Dataset excerpt:

-=-=-=-=-

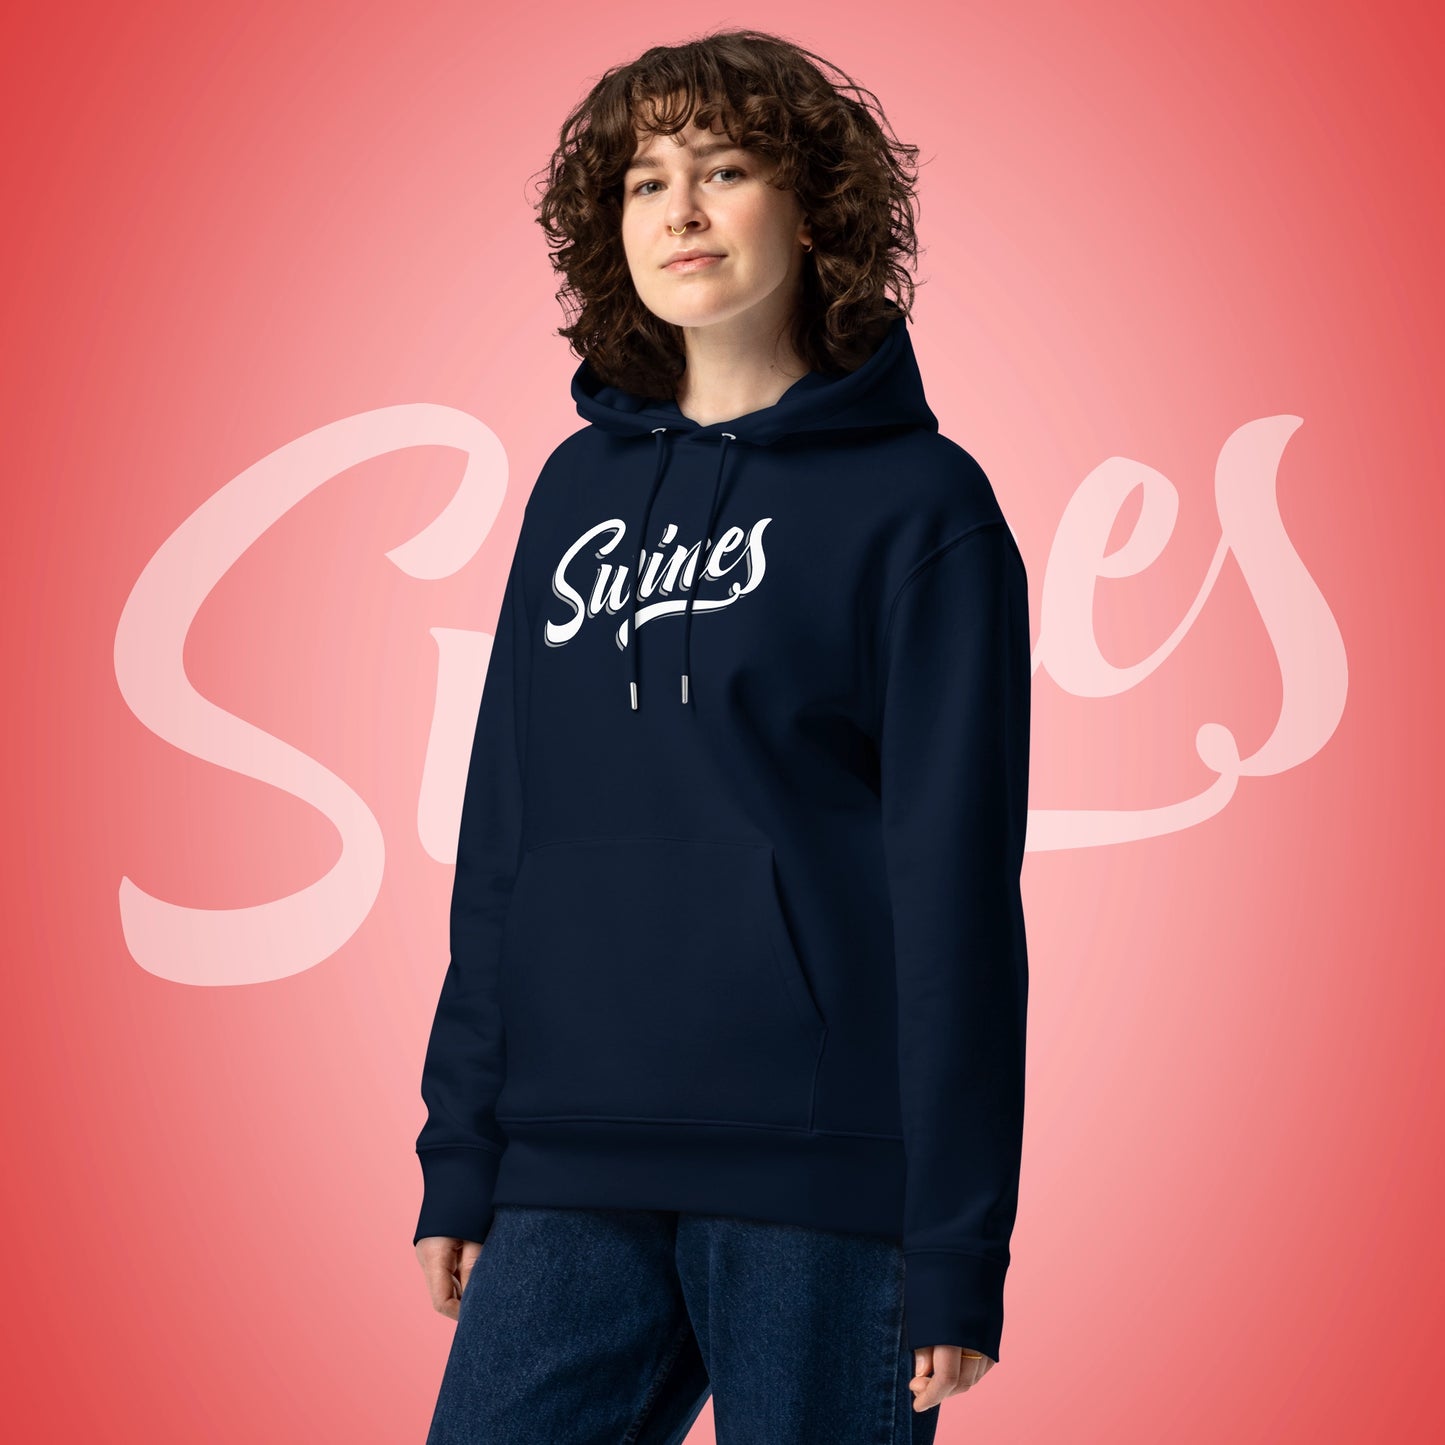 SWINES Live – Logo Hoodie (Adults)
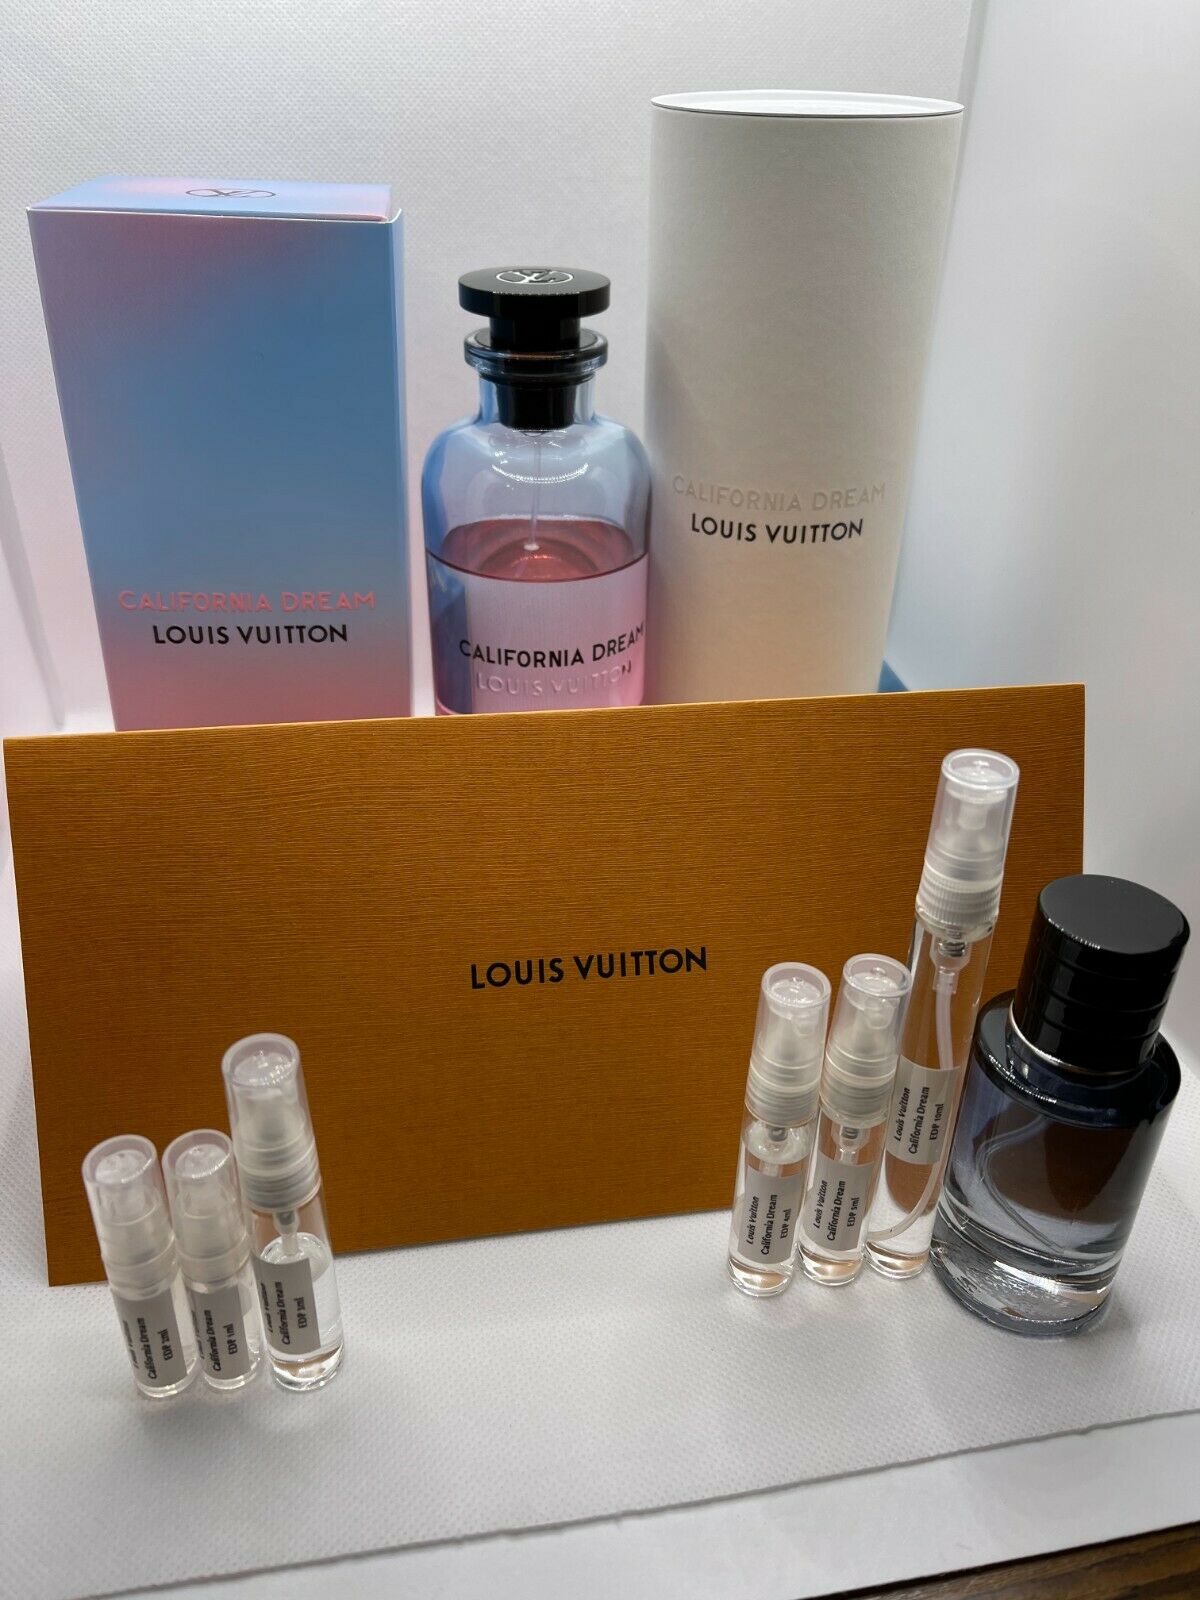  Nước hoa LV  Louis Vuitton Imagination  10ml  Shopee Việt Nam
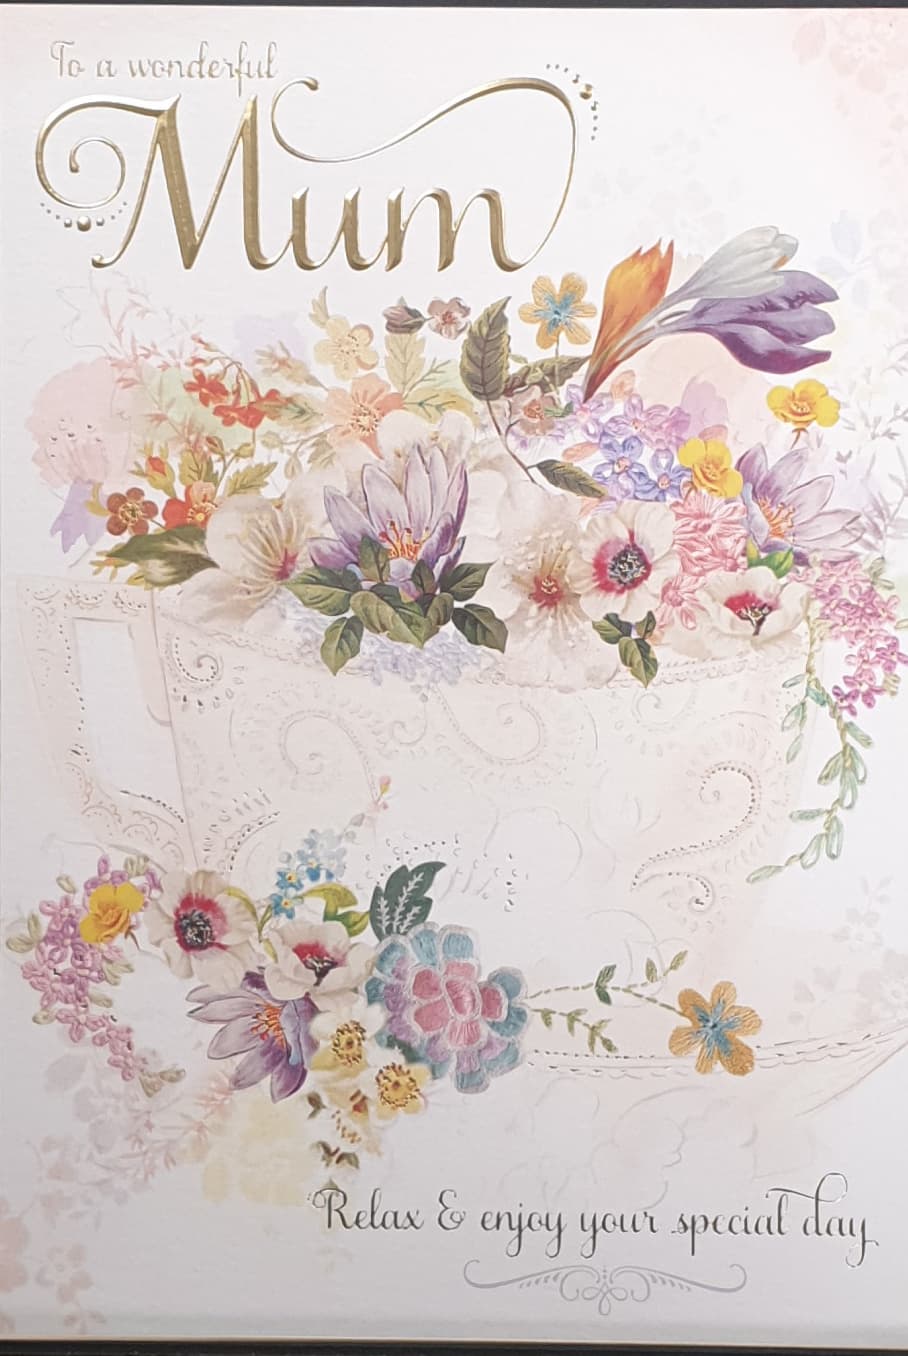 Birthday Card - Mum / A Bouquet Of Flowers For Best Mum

-=-=-=-=-

Task requirements:
Could you return the whole listing exactly, images excluded?

The answer:
 SWINES Live – Logo Hoodie (Adults)
  Nước hoa LV  Louis Vuitton Imagination  10ml  Shopee Việt Nam
 Birthday Card - Mum / A Bouquet Of Flowers For Best Mum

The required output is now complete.